Many companies view their key executives and sales people as assets to be preserved and maintained, recognizing that these individuals add value to the organization. In an attempt to keep those assets out of the hands of competitors, companies often turn to non-compete agreements. When companies are acquired, however, a question arises as to whether or not the acquiring company will be able to benefit from these covenants not to compete. This question recently arose in the ease of Siemens Medical Solutions Health Services Corp. v. Brian J. Carmelengo, U.S.D.C., ED. of Pa., C.A. 01-816. As with many legal issues, the answer is: it depends.
Non-Compete Unaffected if Company Maintains Existence
If the acquisition is a stock purchase and the acquired company (we’ll call it Company B) maintains a separate existence, the non-compete is unaffected. Company B will still be around to enforce the Agreement. The answer is less clear, however, when Company B is merged into Company A or where the acquisition takes the form of an asset purchase.
Under Pennsylvania law, non-compete clauses in employment agreements are not assignable to successor employers unless there is either (1) an explicit assignability provision contained in the agreement, or (2) evidence that the employee consented to the assignment. In All-Pak, Inc. v. Johnston, 694 A.2d 347, 351-52 (Pa. Super. 1997) the Court explained:
Restrictive Covenants Not Assignable
Strong policy reasons underlie the conclusion that restrictive covenants are not assignable. Given that restrictive covenants have been held to impose a restraint on an employee’s right to earn a livelihood, they should be construed narrowly; and absent an explicit assignability provision, courts should be hesitant to read one into the contract.
These policy considerations raise substantial doubt about the enforceability of a non-compete clause when Company B “disappears” as a result of a merger. One Pennsylvania trial court has ruled that, given the considerations expressed in All-Pak, it is immaterial whether the successor corporation has acquired the former employer through a stock purchase. The Court said:
The point of focus should not be on the relationship between the old employer and the new employer, but rather as between the employee and the new employer. The strong policy considerations referred to in All-Pak recognize that the employment relationship is a personal matter between an employee and the company who hired him and for whom he chose to work. Unless an employee explicitly agreed to an assignability provision, an employer may not treat him as some chattel to be conveyed, like a filing cabinet, to a successor firm.
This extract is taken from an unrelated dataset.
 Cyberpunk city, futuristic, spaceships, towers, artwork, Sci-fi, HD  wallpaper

Joyner Sports Medicine Institute, Inc. v. Stejbach, 45 Pa. D. & C. 4th 242, 249 (Dauphin Cty. 1999).
As of this date, the Pennsylvania Supreme Court has not had the opportunity to decide if a change in control as a result of the acquisition of the majority or even 100% of the stock affects non-compete agreements.
Non-Compete May Enforceable Depending on Terms of Acquisition
The Joyner case suggests that whether or not the non-compete continues in effect after a stock acquisition would depend upon how the changes in management of the acquired company affected the employees under the noncompete. In Joyner, the Court noted that all employees were summoned to conferences where the new owners presented a new benefits package which represented a substantial reduction of benefits from the old benefit package, a new employee handbook was distributed which employees were obligated to acknowledge, paychecks were issued by the acquiring corporation and the acquiring corporation was listed as the employer on the W2 forms.
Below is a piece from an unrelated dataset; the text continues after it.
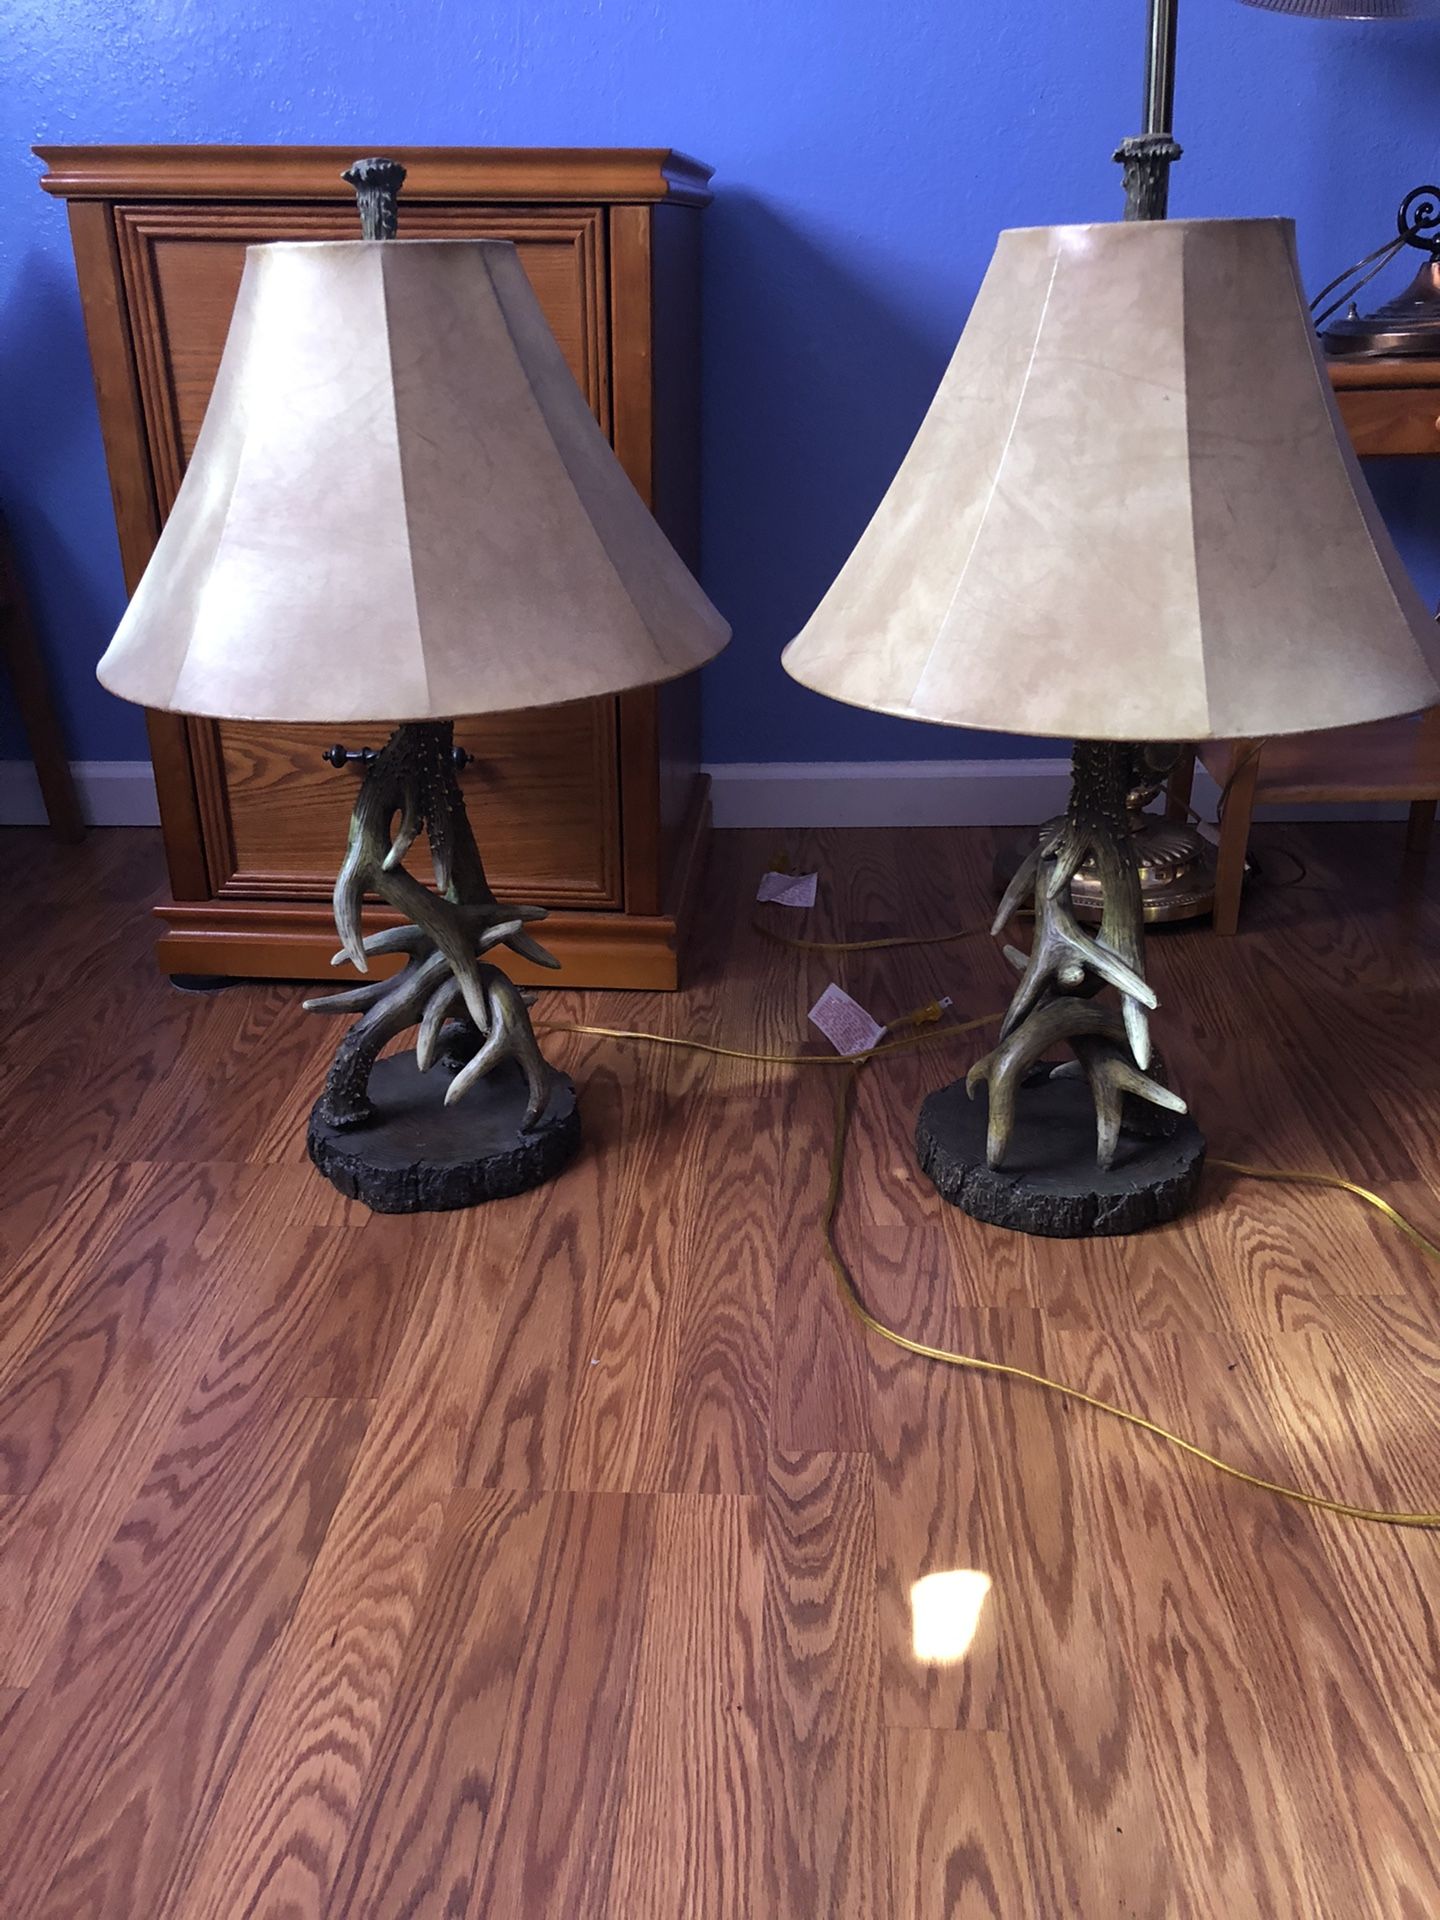 Antler lamps/ceiling fan

Thus, in the view of the Joyner Court, the stock acquisition effectively terminated the plaintiff’s employment with his old employer. However, because the acquisition involved a stock transaction in which the old employer continued to have a separate corporate existence, albeit as a shell corporation, the old employer was able to enforce the non-competes. Importantly, however, the non-compete was deemed to begin to run from the date of the acquisition, even if the employee remained employed by the new employer.
For example, if an employee had signed a two-year non-compete agreement, and stayed with the new employer for two years after the acquisition, he or she would be free of any restrictions from that point forward.
How Companies Can Minimize the Uncertainty
Companies can minimize the uncertainty in this area by taking certain steps. First, companies can include terms in their non-compete agreements that expressly permit assignment. Alternatively, acquiring companies can obtain an assignment of the employment contracts to which the employees expressly agree. Short of that, given the strong public policy against non-compete agreements, the usual changes and employee relationships following an acquisition may be found to be sufficient evidence that the non-compete terminated with the acquisition.